There was always music in the house. As Eric recalls, ”Dad would constantly have Ed Beach and really nice jazz programs on, all day and night. I think that part of it was that Dad made it so much fun when we kids watched him play there in front of us, because he’d turn up the radio and drum to jazz.” Chris agrees, “Someone was always rehearsing at the house and that both parents were so tolerant of that made it conducive.” Indeed, Dorothy took advantage of the mayhem to operate the family “time-saving devices.”

It was not the plan to all be drummers. The eldest, Chris played trumpet, but still set the pace on the kit, with Eric—after messing around with woodwinds and guitar—in hot pursuit. Tony went for harmonica and guitar, however, learning Paul Butterfield licks note for note, even playing his first gig with Chris’ band. “But then I kept gravitating to the drums; I couldn’t resist. Basically, the drums kept calling me. Then one day, I smashed my guitar and lost my harmonica collection. So I just got serious about the drums.”

Chris originally had planned to be an artist, studying at New York City’s School of Visual Arts on scholarship.
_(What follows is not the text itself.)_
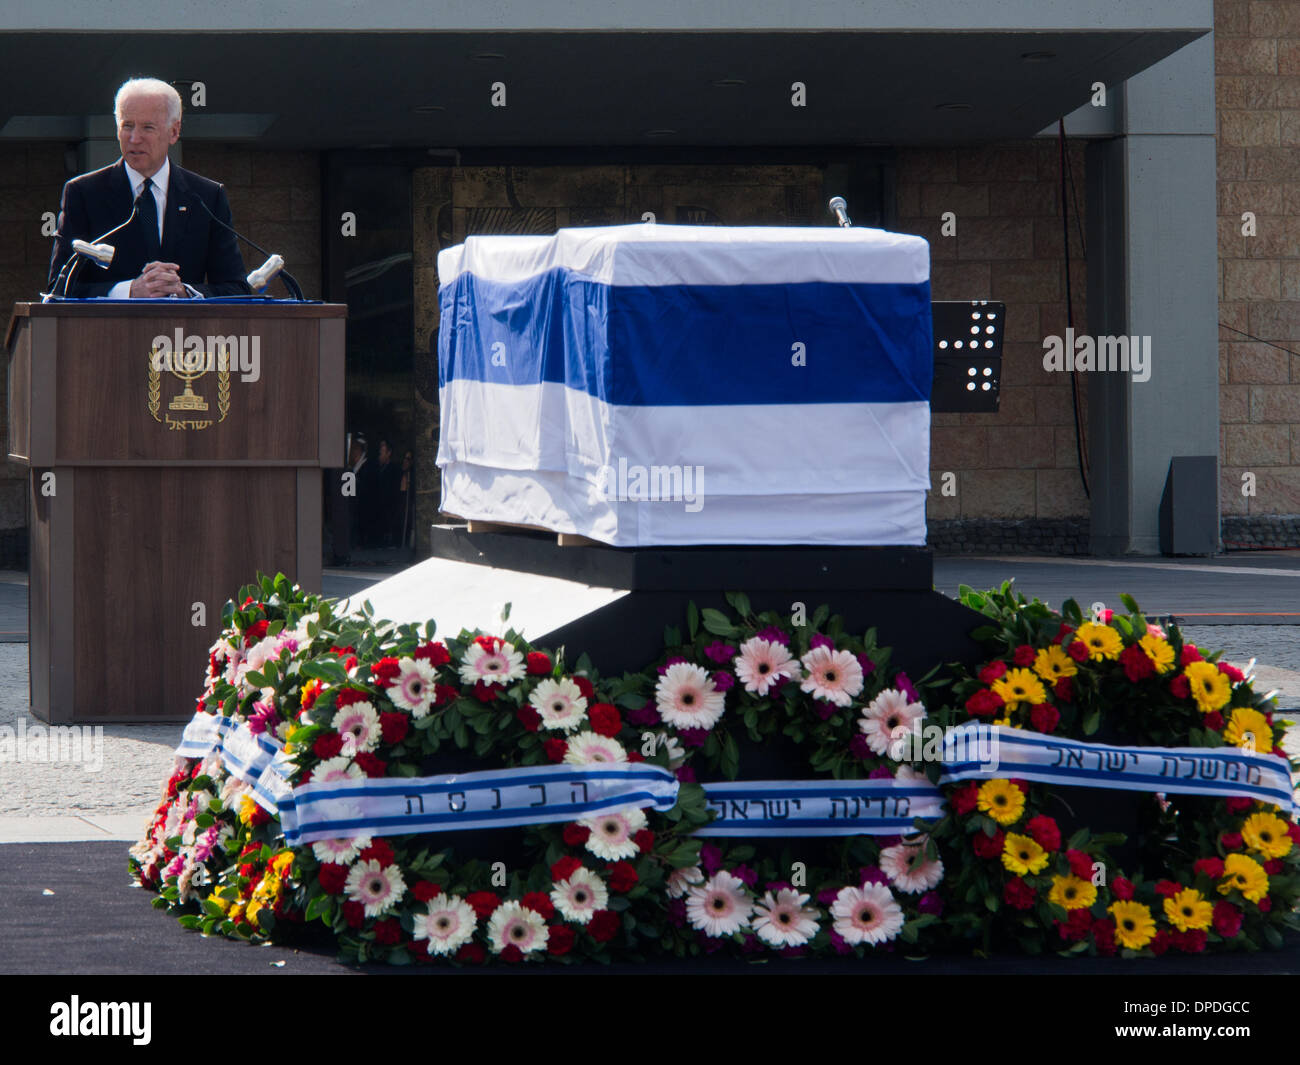 U.S. Vice President, Joe Biden, delivers a eulogy for former Israeli Prime Minister, Ariel Sharon, at the Knesset plaza at a state memorial ceremony. Biden headed one of over twenty international delegations paying last respects to Sharon. Jerusalem, Israel. 13-Jan-2014.  A state memorial ceremony was held at the Knesset for Former PM Ariel Sharon. President Peres, PM Netanyahu, Knesset Speaker Edelstein, US Vice President Biden and former British PM Blair delivered eulogies. Sharon passed away Saturday at age 85. Stock Photo

But then he changed his mind, answering an ad in Rolling Stone for a drum job in Woodstock, with a band called Holy Moses. Though that didn’t last long, it did lead to a gig with harmonica master Paul Butterfield, which in turn had him jamming with folks like Bonnie Raitt, Tim Hardin, Rick Danko and Bobby Charles…at the age of 19. Four years later, when Chris packed up to return to the city, Eric picked the gig up, keeping it in the family.

Meanwhile, Tony’s drum epiphany pushed him further. “I got real serious about it. At age 18, I took a trip to Ireland for four months, lived in a house there with no electricity. Had a battery-powered tape recorder and my drum set. I had literally nothing to do but cut wood….and woodshed! That’s when I really worked at it, four to five hours a day. And realized how much work was necessary to sound as good as my older brother, for instance.”

Back in Brooklyn, Tony also answered an ad in the paper, and soon found himself with a house gig at Folk City, smack dab in the Greenwich Village folk scene, playing with a group called Trouble. “Interesting band: four female singers with three guys backing them up. Hence the name: trouble!” This led to gigs with Laura Nyro, Phil Ochs, and eventually a tour with Mary Travers.

Chris wasted no time getting into the New York scene, and after meeting bassist Gordon Edwards on a jingle date, found himself invited to join a regular gig with his band Encyclopedia of Soul at a joint called Mikell’s (97th and Columbus), alongside keyboardist Richard Tee and guitarist Cornell Dupree, Mondays through Thursdays, originally backing up singer Esther Marrow, a.k.a. Queen Esther.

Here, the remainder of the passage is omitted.